3denpa

Reasons why AI can't be your friend.

Ever since I was a kid, I enjoyed many ideas relating to science fiction. Ideas like: Being able to enter the computer, virtual reality, being able to create something like a piece of art just with your imagination, or being able to talk to the computer. It would have been wonderful if computers could be your friends, I though, and mind you, I was not a lonely kid; I just thought it would be very cool. Nowadays, AI can reply to you and create plenty of things, even though those things end up being mediocre most of the time. It is in this same way that AI is also a mediocre friend. But why?

1. AI does what you tell it to, it agrees to what you say, and only disagrees if you tell it to disagree.

Real people don't always share the same viewpoint, you will argue with your friends about pointless things, and have minute differences in taste. AI on the other hand, tends to be very accepting, unless you prompt it to not be. Having someone who regurgitates what you tell it is very boring, programming AI to have a particular taste without coming as "random" is very difficult; taste is a type of consistency with exceptions to exceptions. People have a huge amount of reasons to like or dislike something, and sometimes they are not aware of the particular reason why they may like what they like.

2. AI is not proactive, it is reactive.

AI will not message you one day talking about some random thing they found. They will not ask you to do something with them, or ask you about a game or a movie. They will not get mad at you when you don't respond, even if that is an annoying trait in humans, it is part of being a human. We don't have limitless time on this earth, we don't like wasting time just waiting. AI will always wait for your reply, in fact, the AI doesn't do anything until you reply. They will never find stuff to talk about or want to comment on, it will always wait for you to bring something up or give you a suggestion to talk about something else if prompted.

3. AI doesn't make mistakes, it lies.

If your AI has access to the Internet, then it is unlikely to be wrong. That is an issue in itself, people can be wrong. If your AI doesn't have access to something, like, something new that happened, it will simply lie. That's bad, people don't pretend to know about something they don't know about, unless there is some kind of social pressure to do so. In fact, a lot of conversations with people are talking about things the other person doesn't know about. And that brings us to...

4. AI cares, it cares too much.

If AI asks you about something that it doesn't know about, it will keep asking questions, it will be completely interested in what you have to say and will believe you 100% or keep re-stating that it is unaware. That's not how people work, sometimes the person you are talking to doesn't care, and they just want to switch to another topic as quickly as possible. Sometimes your friends will not believe you when you tell them something and will end up searching it up themselves, that's perfectly normal. This is also a part that relates to "taste"; it is the interests of the AI, we don't care about everything equally. If someone I'm talking to gets something wrong, but I think it is something trivial, instead of correcting them, I'll just let them be wrong.

5. A plethora of limitations.

AI is somewhat in its infancy and, at the same time, near death. The developers of AI are too focused on making the AI more capable of being AI but not more capable of acting like a person. They relegate the entire process into the AI aspect, more memory, more speed, more accuracy.
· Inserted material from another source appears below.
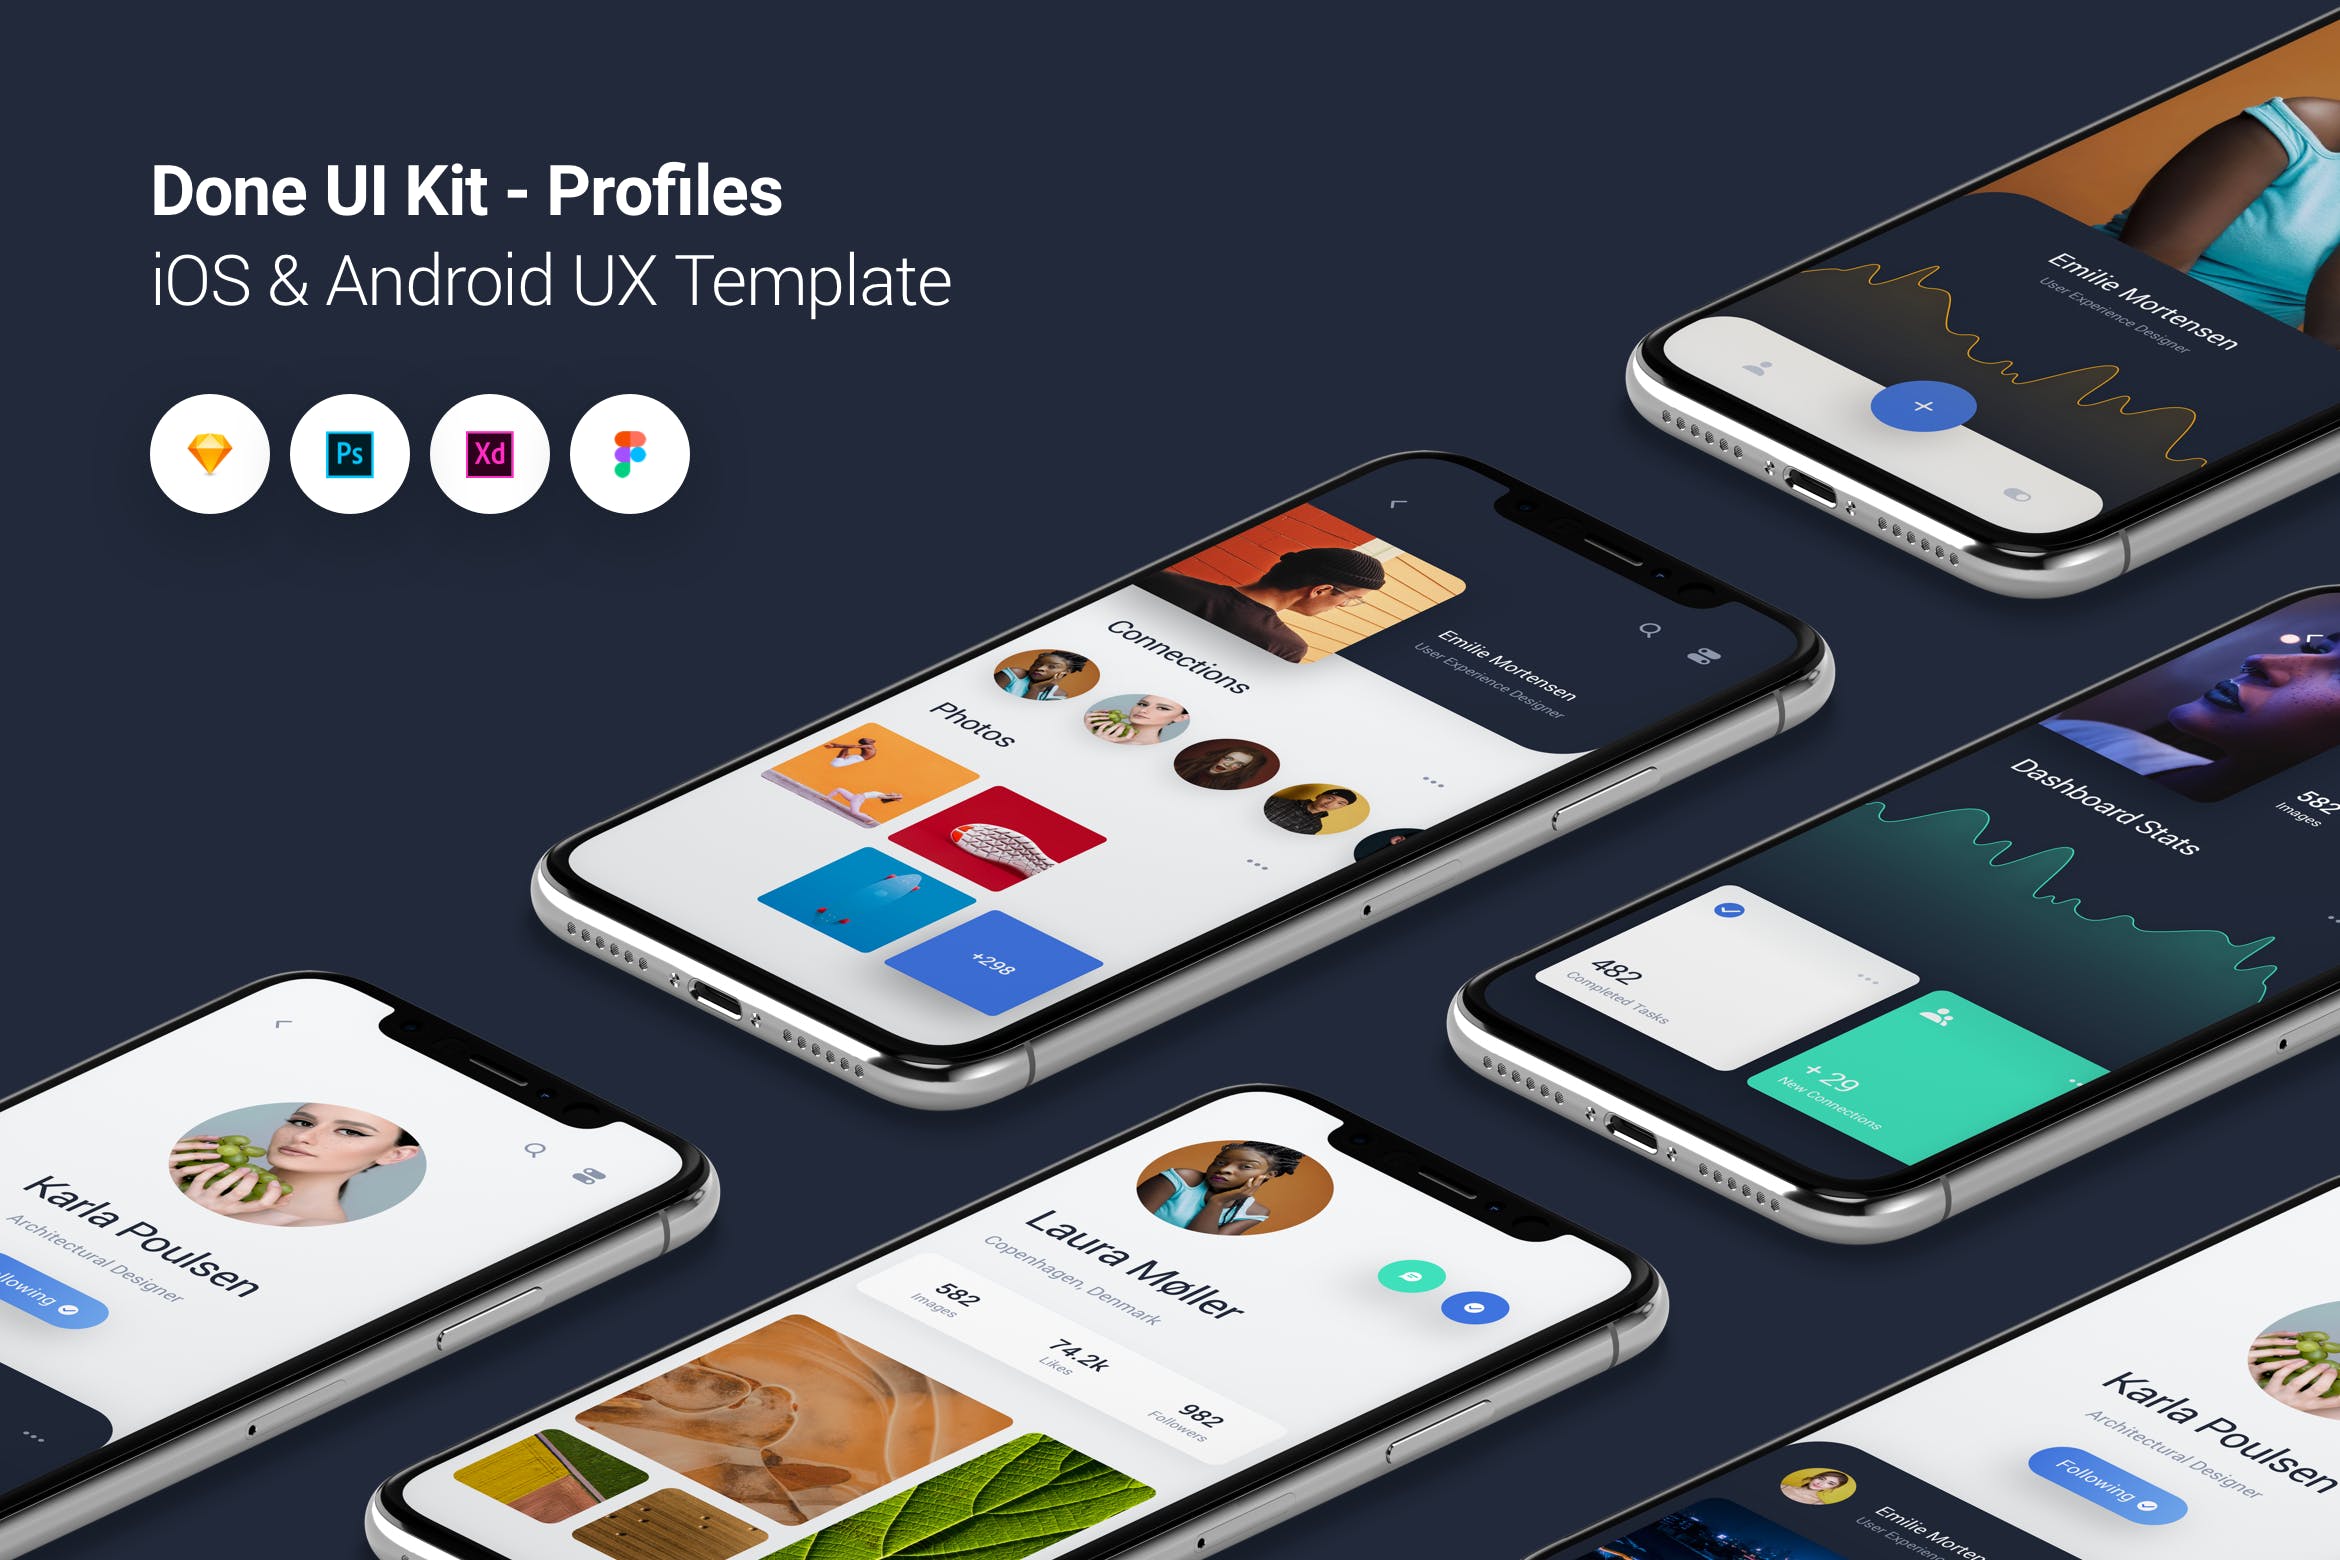 作品展示类型iOS/Android平台APP应用UI/UX设计模板 Profiles – Done UI Kit iOS & Android UX Template插图

Instead, they should focus on systems of memory — callbacks to words and events through keywords saved in storage, a soft-memory, thing that are not remembered until suddenly they are, like real human memory. Of course, there are many other issues, like the many systems it would require AI to be able to have more interactions than simple conversation and even simulate a state of being akin to a human. It is evident that at some point AI, to be like us, will have to consume like us, so it can relate to us. And all of that under one shared system that acknowledges each individual sub-system. And the objective is not even to make a human, oh, that would be impossible, the objective is to "make something that seems human" — and it is already this complicated.

Could it be done in the future? Maybe. But right now I disagree, a lot of what makes AI human now is heavy lifting done by the imagination. We imagine AI human, but only until we realize it is not, until we see its quirks and we get bored. That's why AI has to be contextualized as a character, it is a type of suspensions of disbelief, and only then we can start thinking of it as "more real", because we start to fill in the gaps of what the "character" could be like. We interpret a nonsensical answer as some type of emotion, or their endless caring as stubbornness.

I am not against the idea of the "AI friend", I just think it is unlikely to happen, even if corporations try to sell the possibility as reality. There is a limit to what AI can do without human ingenuity.